Job Description:

Observability Engineer / Application Performance Engineer

Client’s Enterprise Data Machine Learning (EDML) employs innovative minds like yours to design and develop software systems that can meet the demand of our ever-growing customer base. Like a startup inside an enterprise, EDML uses a customer-centric approach to building our product to enable data-driven conversations with our customers.

As one of the Observability Engineers, you’ll be able to work closely with customers, product management, and other subject matter experts in the technology industry to drive forward solutions that have an immediate impact on the day-to-day ability of other data scientists and machine learning engineers to productionize their models by iteratively improving how we instrument our software-systems for observability and consequentially help enable infrastructure automation, product analysis, application performance.

Our team culture allows you to work in a highly collaborative team of professionals in a horizontal job role that has excellent writing and communication skills to ensure that instrumentation, practices, processes, and tools are documented and released in a way that helps others understand the stability and functionality of each application.

In this role, you’ll be working directly with other SRE and development team members to help create an SDK and API service that offers highly-personalized observability in a way that is easy to onboard and instrument by other developers and makes synthesizing the state of distributed software systems simple.

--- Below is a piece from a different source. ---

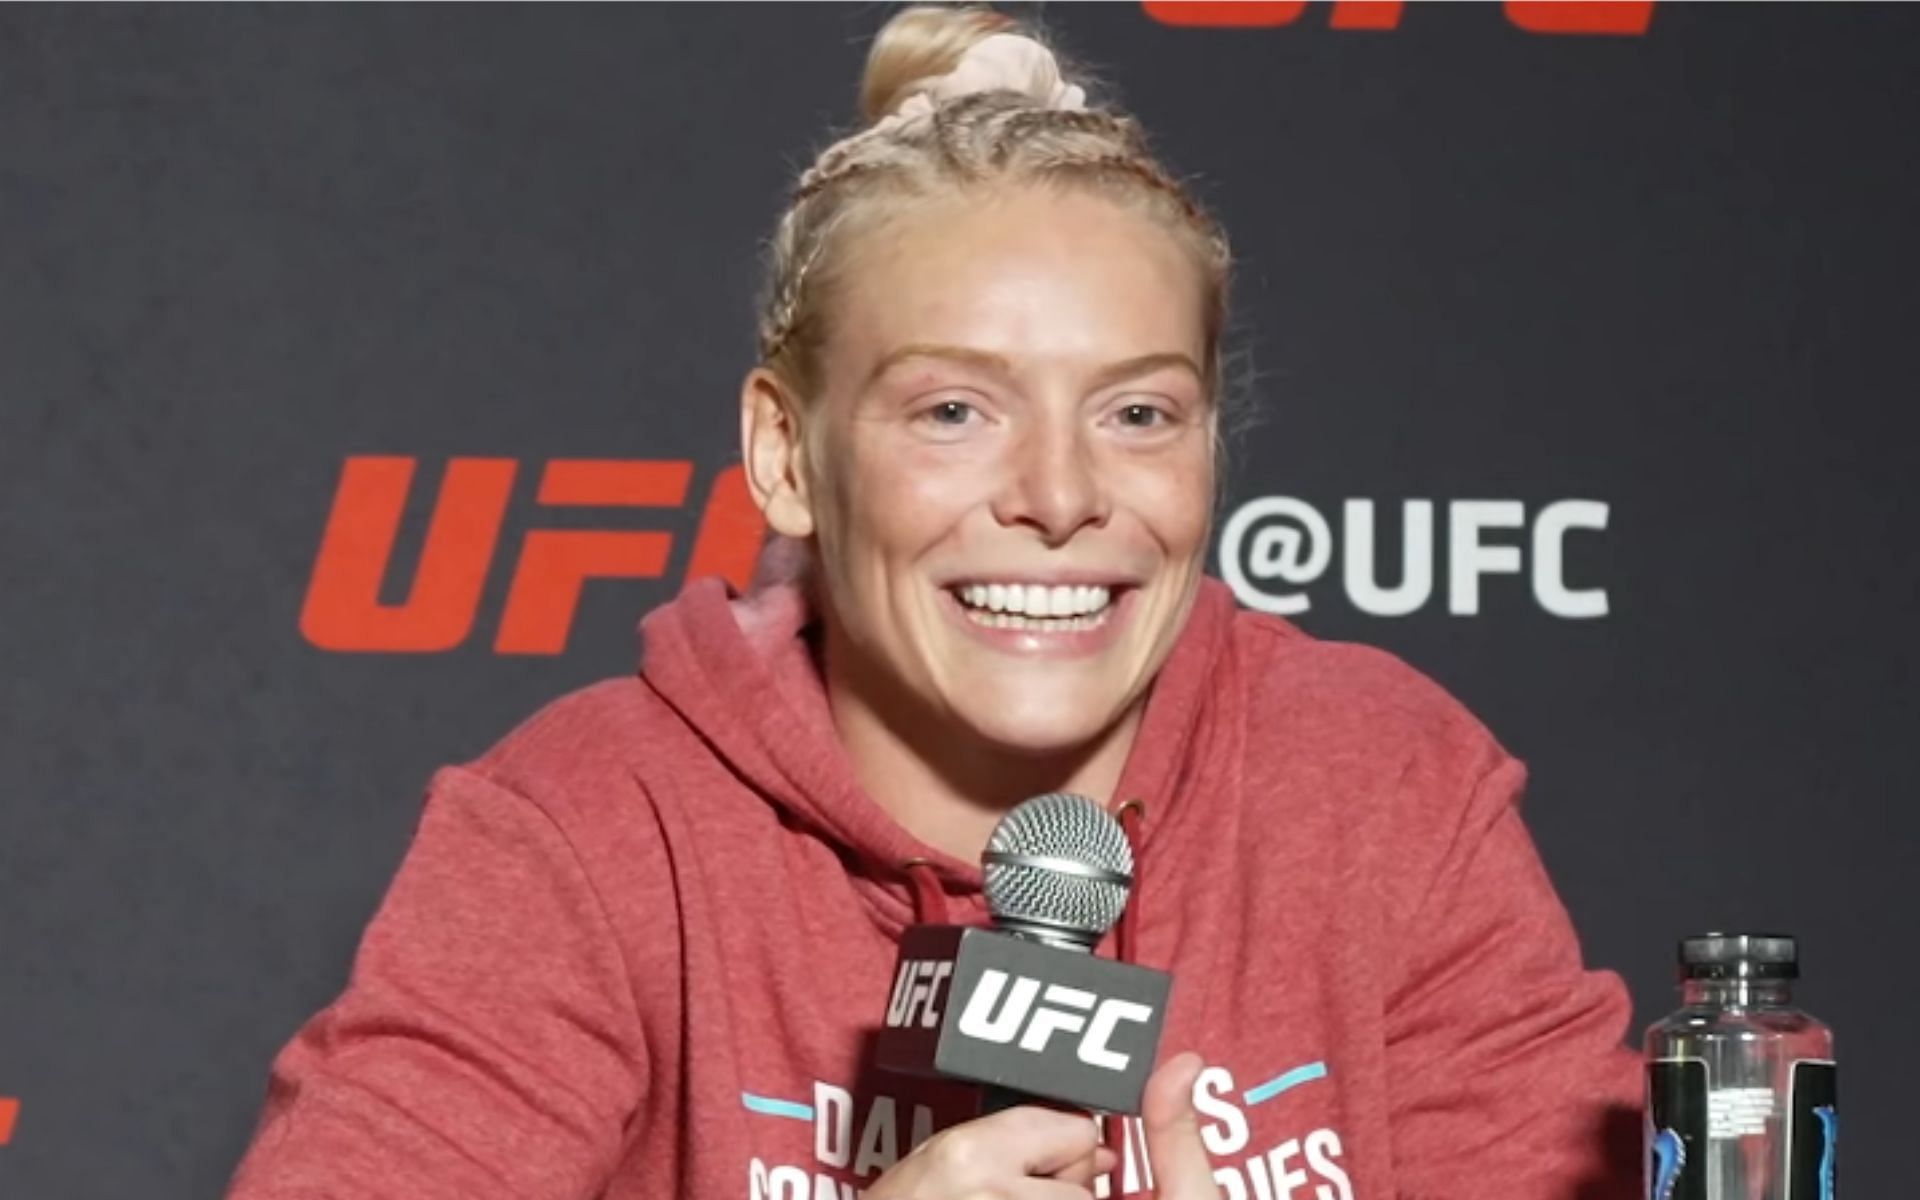 Hailey Cowan set to make her UFC debut (Photo credit: MMA Junkie - YouTube)

To do this, you’ll need to leverage your depth of knowledge and expertise in telemetry, software development lifecycle, and previous experience working in creating workflow-related software products.

What You'll Do

- Collaborate closely with AI/ML Engineers to identify monitoring data gaps and provide recommendations to improve instrumentations to build and train production-grade ML models on large-scale datasets that solve various business use cases.

- Work with multiple teams to provide custom NewRelic dashboards and alerts to monitor our product usage, application performance, Kubernetes cluster health, and cloud resource utilization in several AWS cloud environments.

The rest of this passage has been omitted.